Looks like c++. Me no like.
Ivan

fungus wrote:
> In memory, all arrays are really 2D.

1D.

-- 
Dr Jon D Harrop, Flying Frog Consultancy

Wolfgang Draxinger wrote:
> fungus wrote:
>> std::vector<byte>imagedata(width*height*bytes_per_pixel);
> 
> A bit much overhead for a simple buffer.

Why do you say that?

It will be slower to compile but the code can then be bounds checked easily.

-- 
Dr Jon D Harrop, Flying Frog Consultancy
http://ffconsultancy.com

Jon Harrop wrote:
> Wolfgang Draxinger wrote:
> 
>>fungus wrote:
>>
>>>std::vector<byte>imagedata(width*height*bytes_per_pixel);
>>
>>A bit much overhead for a simple buffer.
> 

I think you'll find it's exactly the same,
overhead, ie. a pointer to some memory and
a call to malloc.

The advantages of doing it this way, OTOH,
are many.


-- 
<\___/>
/ O O \
\_____/  FTB.    For email, remove my socks.

fungus wrote:
>> Wolfgang Draxinger wrote:
>>>fungus wrote:
>>>>std::vector<byte>imagedata(width*height*bytes_per_pixel);
>>>A bit much overhead for a simple buffer.
> 
> I think you'll find it's exactly the same,
> overhead, ie. a pointer to some memory and
> a call to malloc.

There's probably a 1 word header giving the number of elements. That's a
small price to pay for the safety it provides though, IMHO. The extra
compile time is probably the main disadvantage.

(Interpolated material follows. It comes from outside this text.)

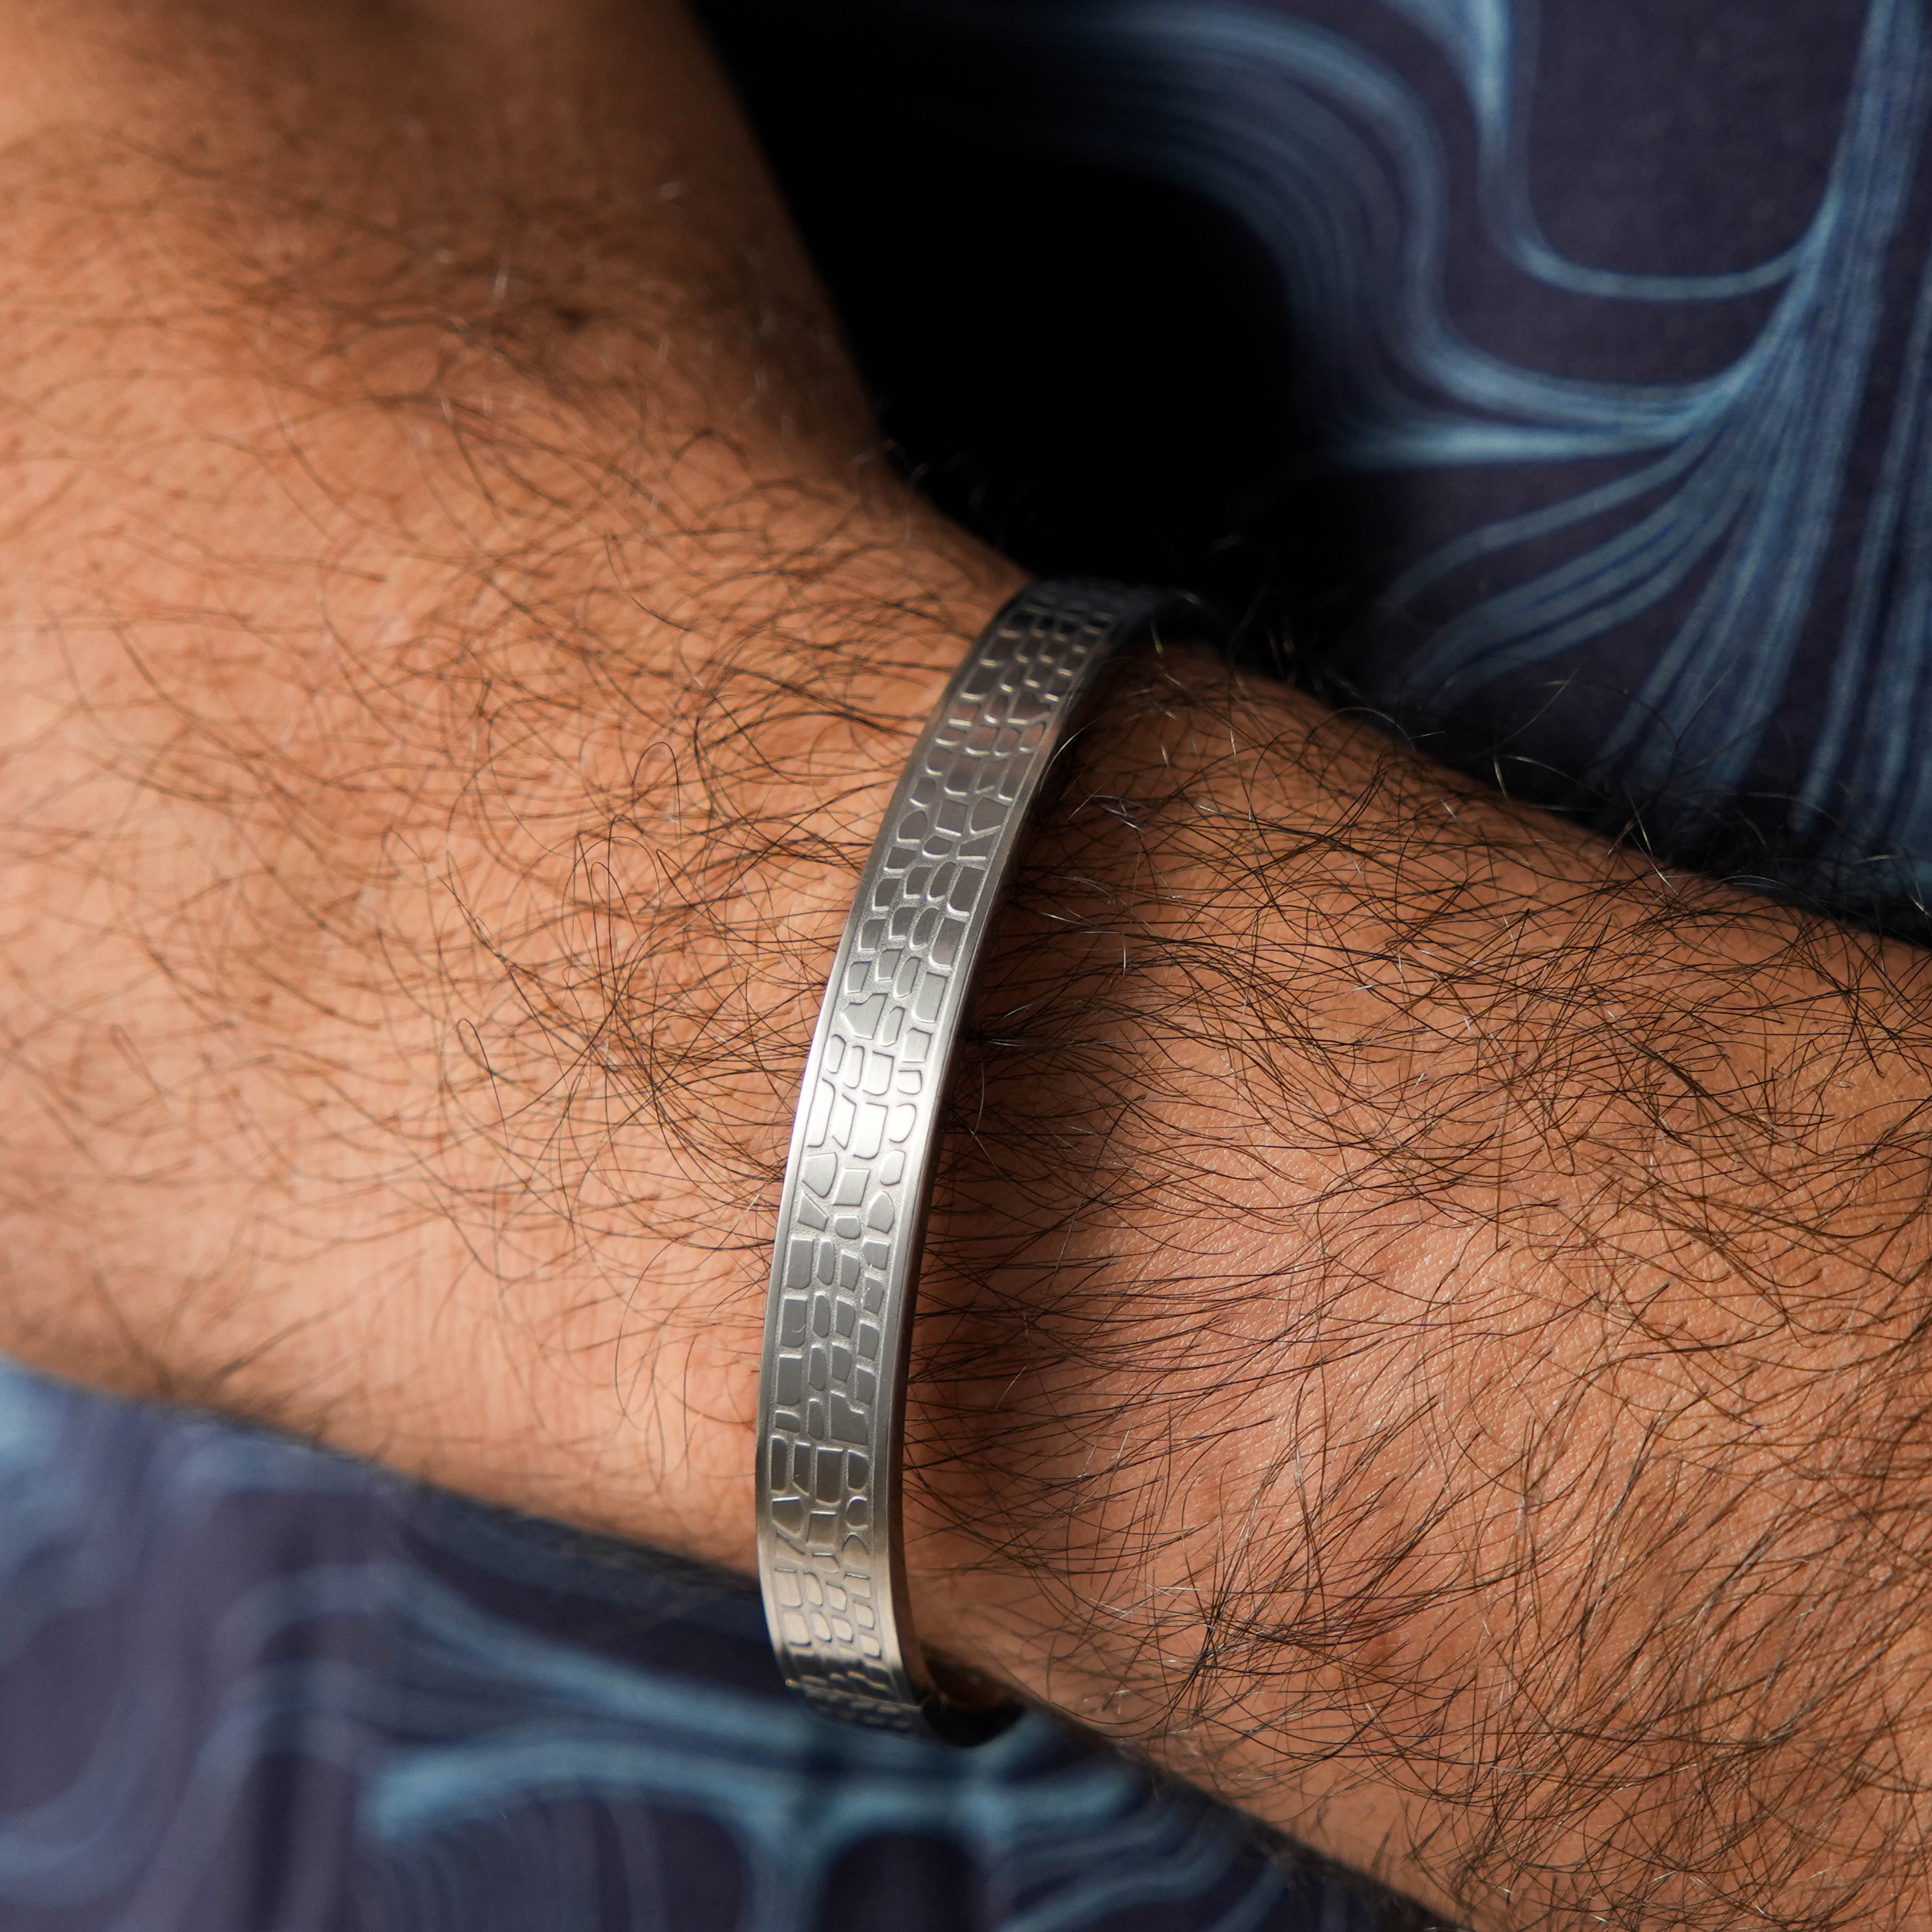 Buy Men's Bracelets Online | 25+ Bracelet designs for Men – Drip Project
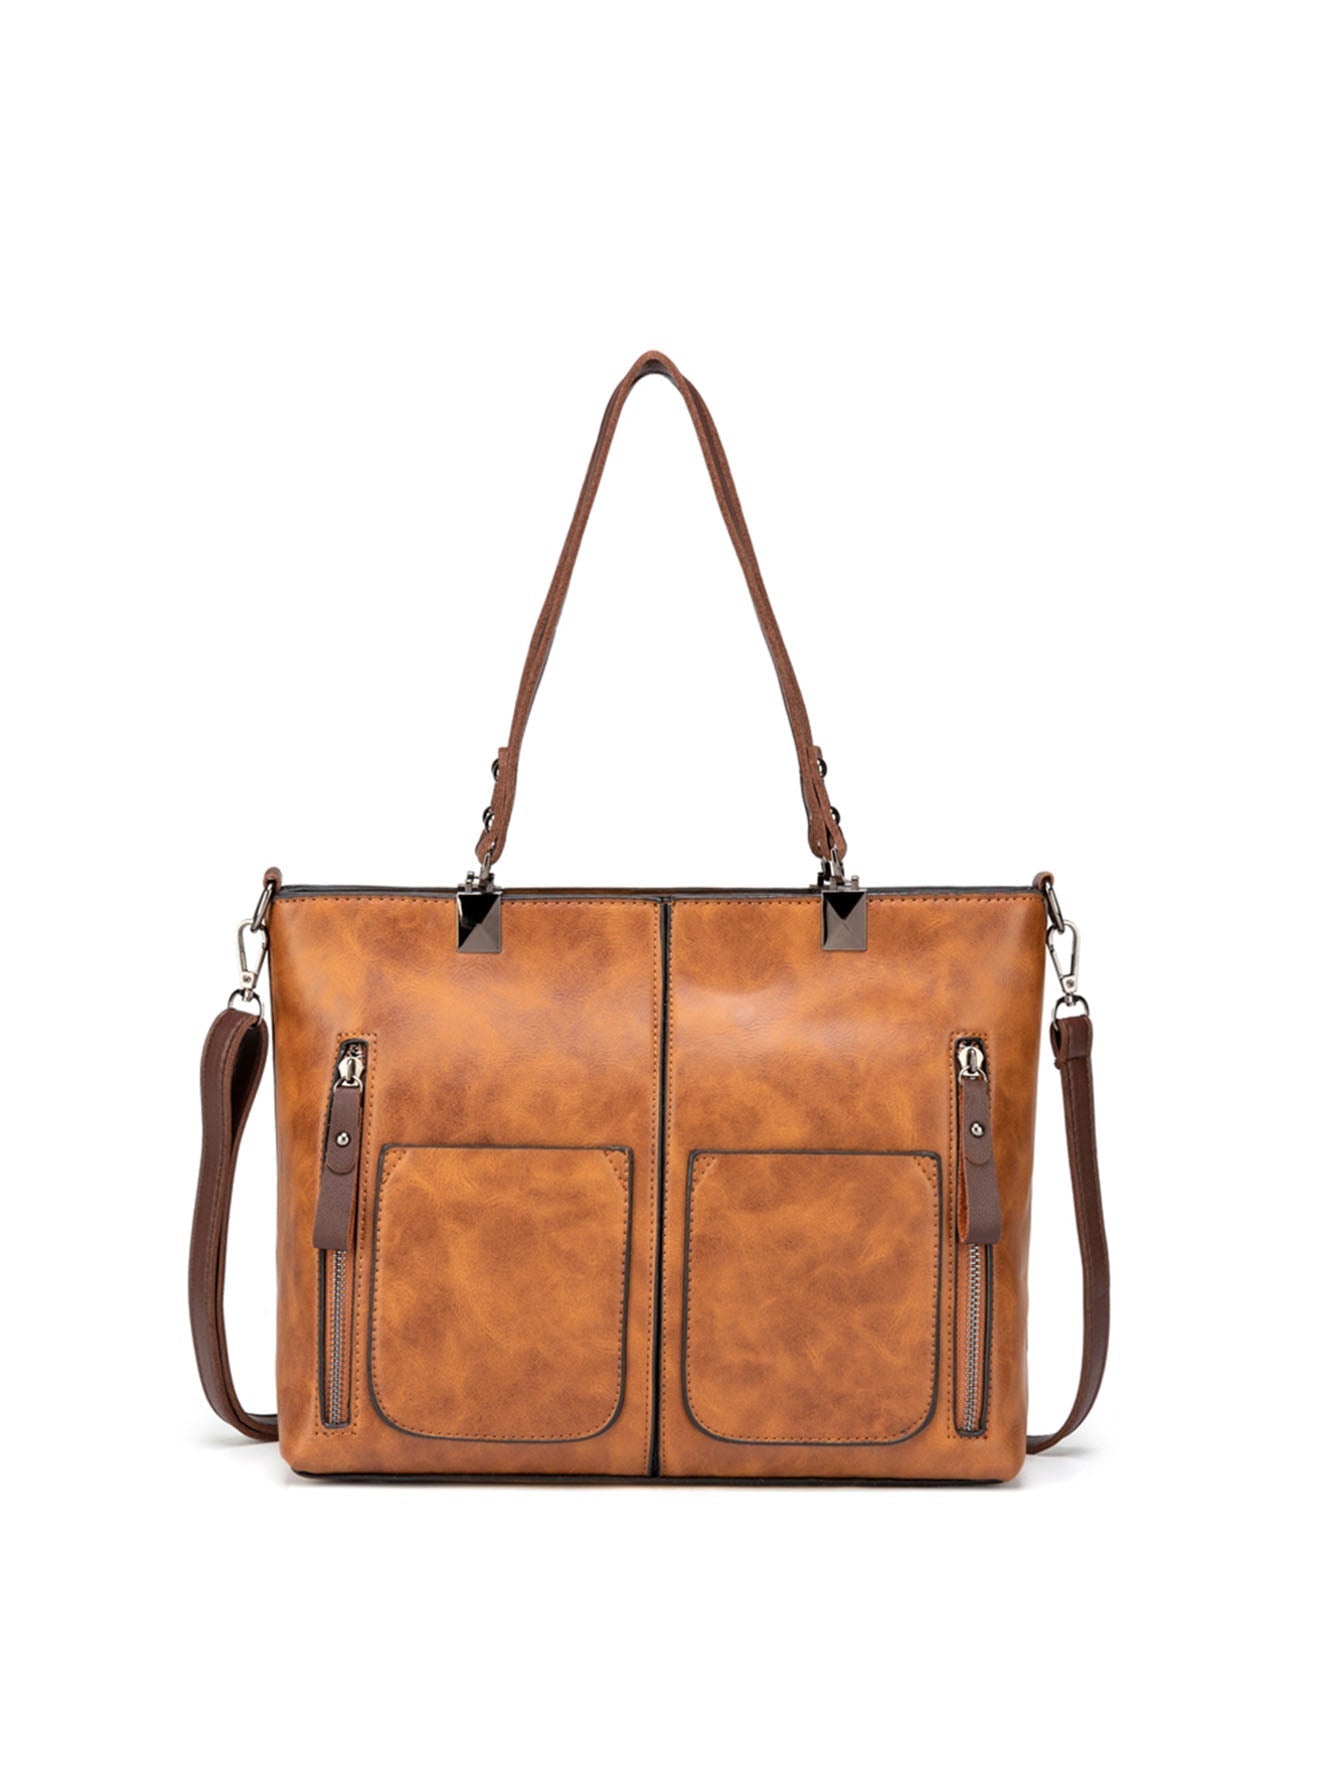 Women Top-handle Bags, Leather Tote Bags Vintage Shoulder Bag Satchel Purse and Handbags Sai Feel

> The advantages of doing it this way, OTOH,
> are many.

Yes, absolutely. See, even fungus doesn't use char arrays. ;-)

-- 
Dr Jon D Harrop, Flying Frog Consultancy
http://ffconsultancy.com

Jon Harrop wrote:
>>
>>I think you'll find it's exactly the same,
> 
> There's probably a 1 word header giving the number of elements. That's a
> small price to pay for the safety it provides though, IMHO. The extra
> compile time is probably the main disadvantage.
> 

Ok, I confess...there's probably three pointers in
there. One points to the data (ie. array.begin()),
one points to the end of the array (ie. array.end())
and one points to the end of the allocated memory
(ie. array.begin()+array.capacity()).

> See, even fungus doesn't use char arrays. ;-)
> 

My rule of thumb is that if you use operator new[]
outside of a low level storage class (eg. std::string,
std::vector) then you're _probably_ doing something
wrong.

"Arrays are evil" - the C++ FAQ.


-- 
<\___/>
/ O O \
\_____/  FTB.    For email, remove my socks.

Governments, like diapers, should be changed often,
and for the same reason.

Jon Harrop wrote:
> fungus wrote:
> 
>>In memory, all arrays are really 2D.
> 
> 
> 1D.
> 

Um, yeah. I meant 1D, obviously.

(But bytes have width!)


-- 
<\___/>
/ O O \
\_____/  FTB.    For email, remove my socks.